Negev is neither surprised nor alarmed by the code of silence taken up by Jordanian colleagues regarding their studies. “With two-thirds of Jordan being Palestinian refugee, it’s hard for them to acknowledge a country where the Zionist is the enemy. But our studies together are surely influencing,” she reports.

“We have so much more in common than different. Even if I knew it before, it was emphasized when I slept and talked and ate with these people. We all have the same hopes so we’re all interested in the same things from the same angles. And the bottom line? The environment knows no borders.”

5 Comments

  • An interesting article, I wonder if they would be given the cold shoulder by their colleagues, would there be discrimination? It’s just a thought. In fact I’ve never heard of desert studies. This si the first time. But I have to admit that the Israelis are very well educated @ expert in that field. Look at the land, it used to be arid and barren but now they have managed to grow plants on the former wasteland. Saudi Arabia too should do something about their land. (no connection to Israel here!)

  • ” Look at the land, it used to be arid and barren but now they have managed to grow plants on the former wasteland.”

    OMG yes! They made the desert bloom!

    please.

  • In fact Iâ??ve never heard of desert studies. This si the first time.

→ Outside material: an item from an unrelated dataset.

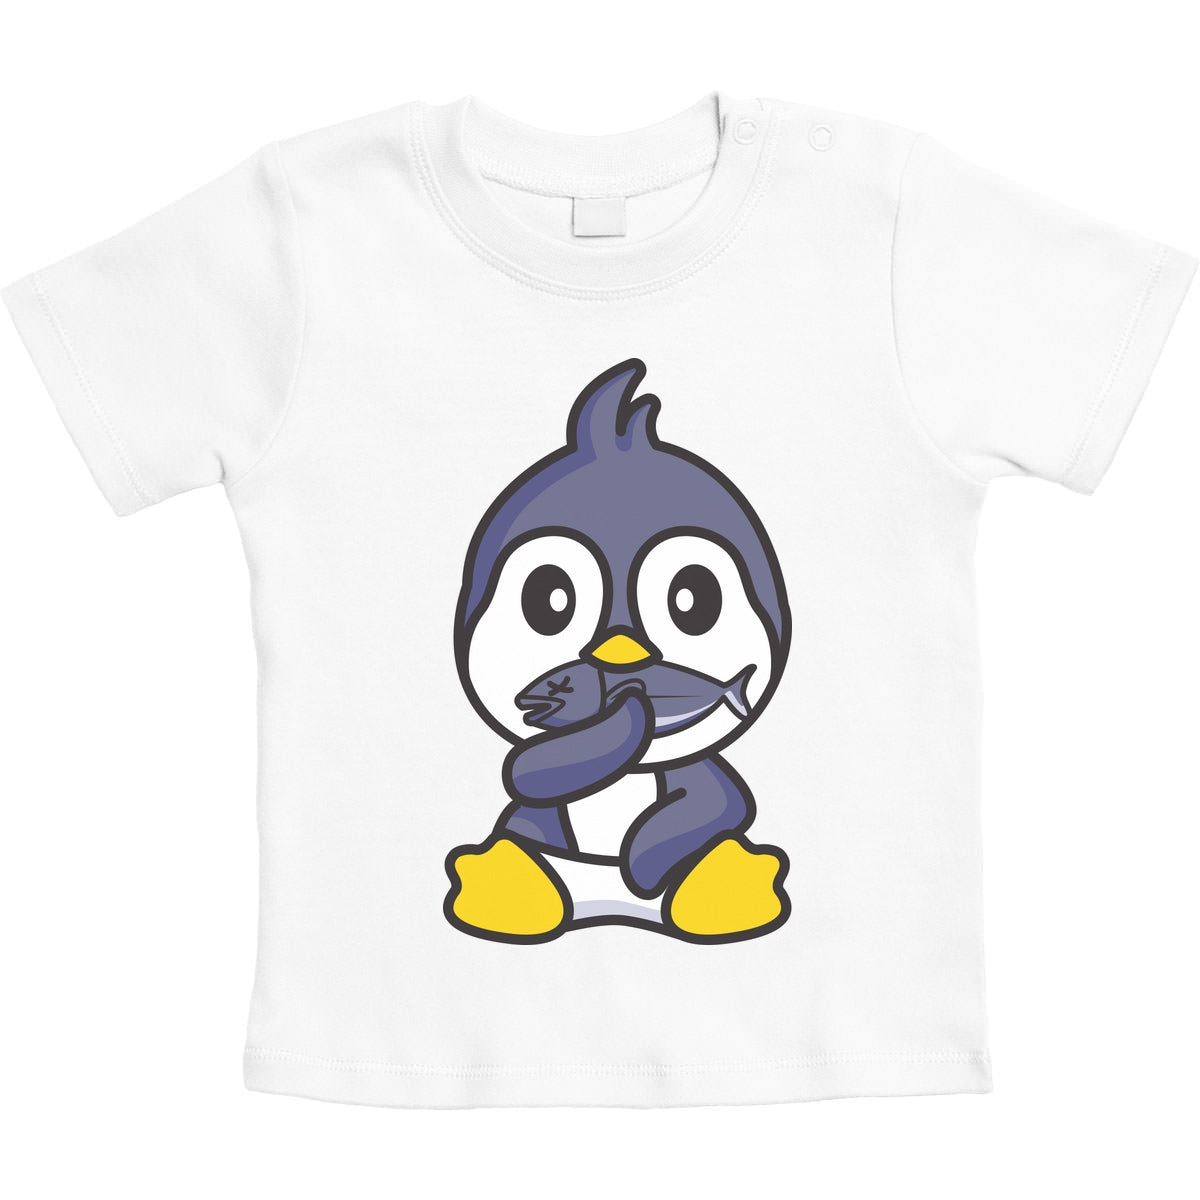 Baby TShirt Pinguin Baby Kleidung Neugeborene Unisex Baby T-Shirt Gr. 66-93

    first time for everything, which brings me to ask if this is your first time hearing of desert studies, how did you conclude that ‘israelis are very well educated @ (did you mean &?)expert in that field?’

    lksfadljk,

    Ugh! Please show some sensitivity to readers who may happen to respect God!

  • Sorry for my lousy sarcasm. I get too excited sometimes in my responses 🙂 (and I was being 100% sarcastic.. it’s hard to tell on the Internet)

  • Jordanians being staunchly anti-Zionist has little to do with the Palestinian roots of the bulk of its population. Egypt is not Palestinian and does not even have a Palestinian population that can influence affairs yet the government and the people are also repulsed by Israel and their brutality. Morocco and Mauritania are the same, leaders shake hands with Israel while the people throw up at the sight of the flag of the state of the war criminals of Israel. Fact is, even if there were not a single Palestinian sole in Jordan, Jordanians are overwhelmingly Arabs and/or Muslims, and human beings who are, like other human beings, are instinctively revolted at the sight of injustice and repulsed by anti-arab supremacist.

    So even if all Jordanians with Palestinian blood or “nasab” leave today (and that’s over 70% of Jordan) the majority of Jordanians will still be loath to shake hands with the violent Israelis. And with the rising Islamist cultural influence and a rebound of traditional leftists in Jordan, expect rejection of Israel to become a consensus except for a dirty dozen and their surrounding parasites.

    Of course if Israel stops acting out its deeply disturbed supremacist ideology, things may change. We have seen that in the heady days of the peace process.